Kö-Bogen II w Düsseldorfie jest projektem nietypowym pod wieloma względami. Po pierwsze dzięki historii samego architekta Christophera Ingenhovena, który rozpoczął prace nad projektem już w 1992 roku. Postulował wówczas władzom miasta rewitalizację centralnie położonej części Düsseldorfu, którą wielu mieszkańców uważało za „powojenną bliznę”. Przestrzeń pomiędzy prominentnymi ulicami Königsallee, Schadowstraße oraz parkiem Hofgarten do początku XXI wieku była w pełni podporządkowana ruchowi samochodowemu. Przecinająca je trasa szybkiego ruchu wraz z kaskadami ulic, zajezdniami tramwajowymi oraz betonowymi placami powodowały, że mało kto decydował się na spacery w tej części miasta. Architekt proponował przeniesienie ruchu kołowego do podziemnego tunelu oraz rewitalizację kwartału w formie i skali dostosowanej do ruchu pieszego. Jego marzenia zaczęły urzeczywistniać się dopiero w 2013 roku – rok później zaowocowały wygraną w konkursie na centrum biurowo-handlowe Kö-Bogen II – a następnie po raz kolejny w 2017 roku poprzez rewitalizację teatru Düsseldorfer Schauspielhaus, położonego po drugiej stronie Gustaf-Gründgens-Platz.

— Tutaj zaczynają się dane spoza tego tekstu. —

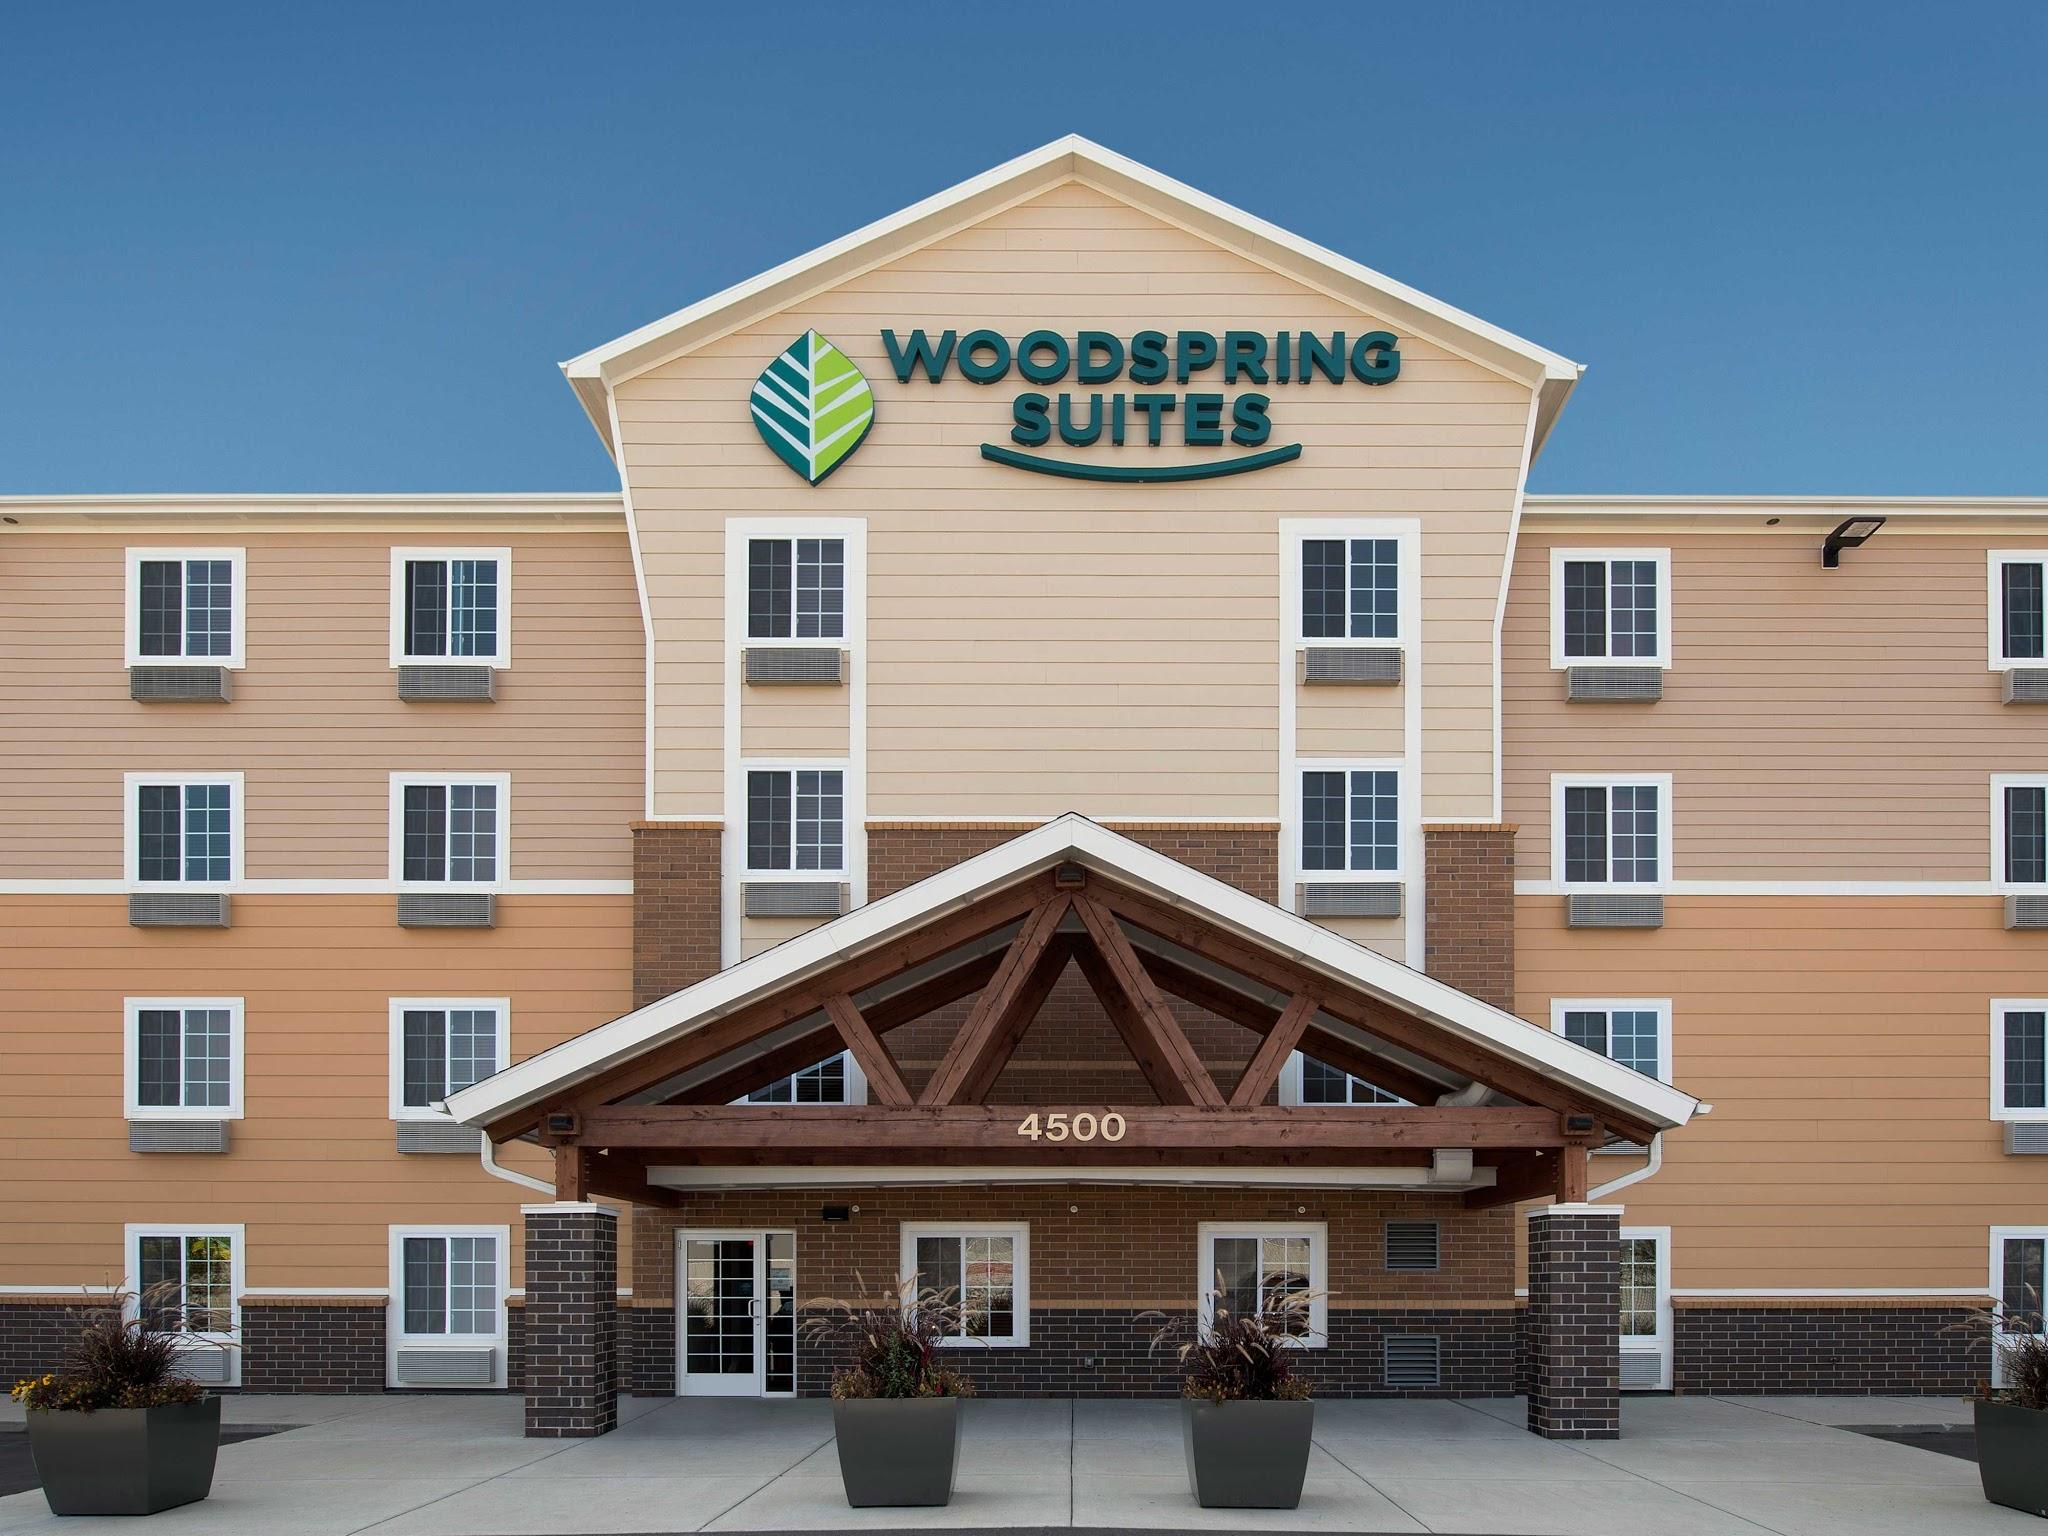 WoodSpring Suites Grand Rapids South image 10

Pięciokondygnacyjny budynek Kö-Bogen II, pomimo nadzwyczajnej formy, już na etapie koncepcji był projektowany jako tło dla powojennych ikon architektury północnej strony placu. Zielona fasada o niespotykanej dotychczas w Europie skali wydaje się wtapiać w otoczenie, tworząc wertykalne przedłużenie znajdującego się nieopodal parku. Jego pojawienie się było zwieńczeniem zapoczątkowanej ponad 20 lat wcześniej rewitalizacji części „betonowej dżungli” Düsseldorfu i jej przemiany w zielony salon miejski. Tuż obok ma powstać także 129-metrowy wieżowiec projektu Santiago Calatravy.

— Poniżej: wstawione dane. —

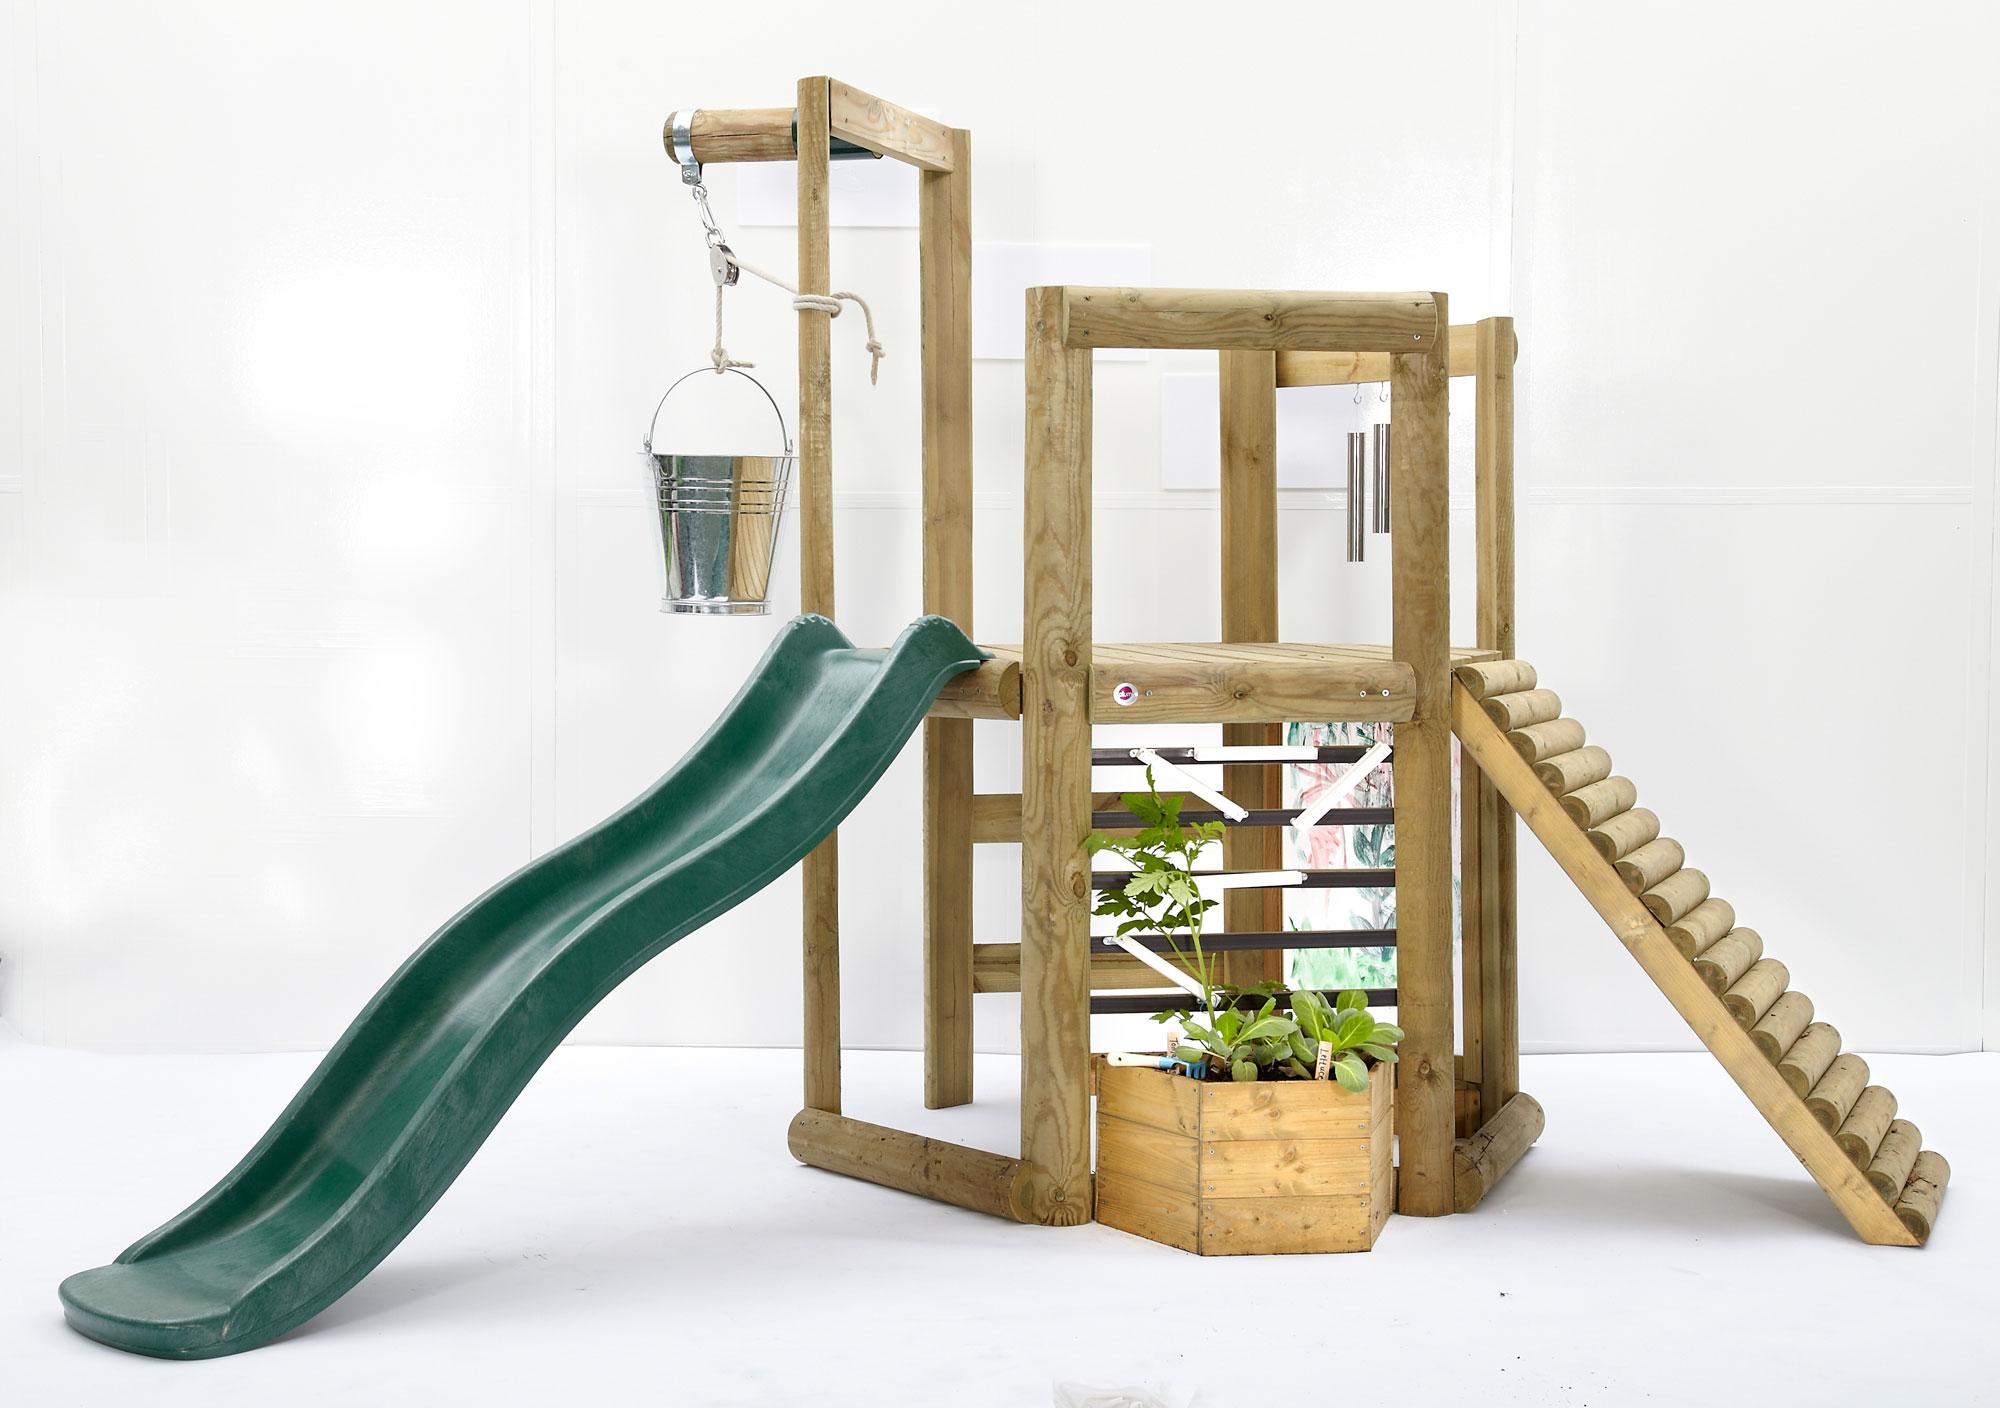 Spielturm Plum Discovery Spielhaus Holz 270x240x193cm Bild 1

Obiekt przyjął pierwszych najemców już w połowie 2020 roku, a w pełni otwarty zostanie do końca roku. W podobnym czasie zakończą się prace nad rewitalizacją Gustaf-Gründgens-Platz.
Konstrukcja
Jednym z wyzwań inżynieryjnych było przeniesienie ruchu samochodowego pod ziemię i umiejscowienie fundamentów oraz ścian szczelinowych tak, by nie kolidowały z tunelami. Chociaż właściwe posadowienie budynku w tych warunkach było niezwykle trudne, nie wzbudzało aż tak dużego zainteresowania, jak niezwykła typologia fasady.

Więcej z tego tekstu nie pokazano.